#### Material provided
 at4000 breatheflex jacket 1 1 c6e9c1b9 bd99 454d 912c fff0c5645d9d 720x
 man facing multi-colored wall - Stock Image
########
#### Material provided
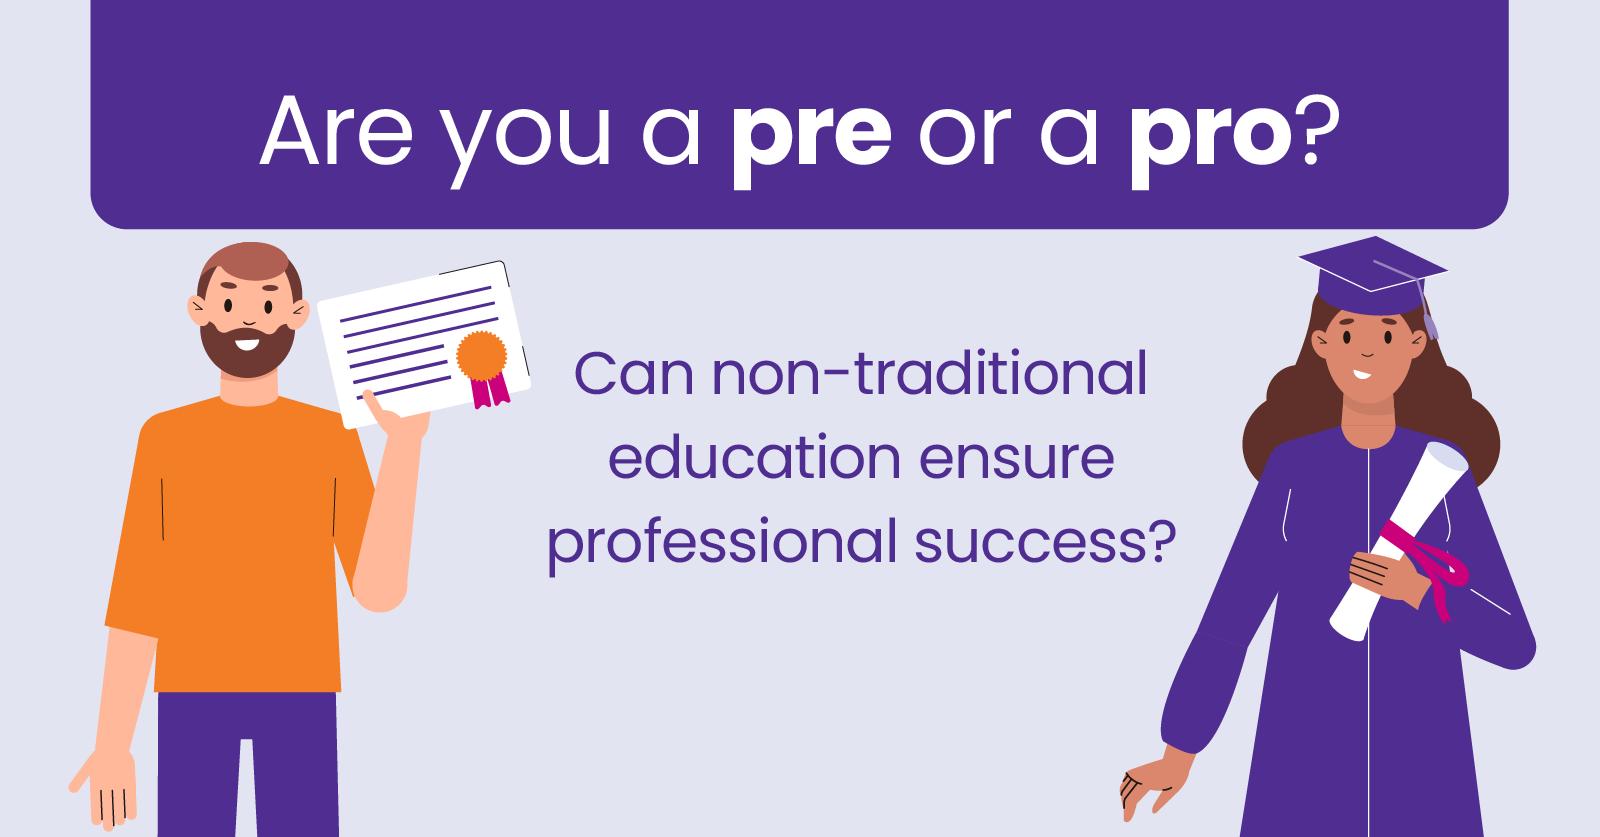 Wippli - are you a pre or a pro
########
What needs to be done —
Give back exactly the lines of the listing above that run from the line with "at4000 breatheflex jacket" to the line with "man facing multi-colored wall - Stock Image", inclusive.

Task response —
 at4000 breatheflex jacket 1 1 c6e9c1b9 bd99 454d 912c fff0c5645d9d 720x
 man facing multi-colored wall - Stock Image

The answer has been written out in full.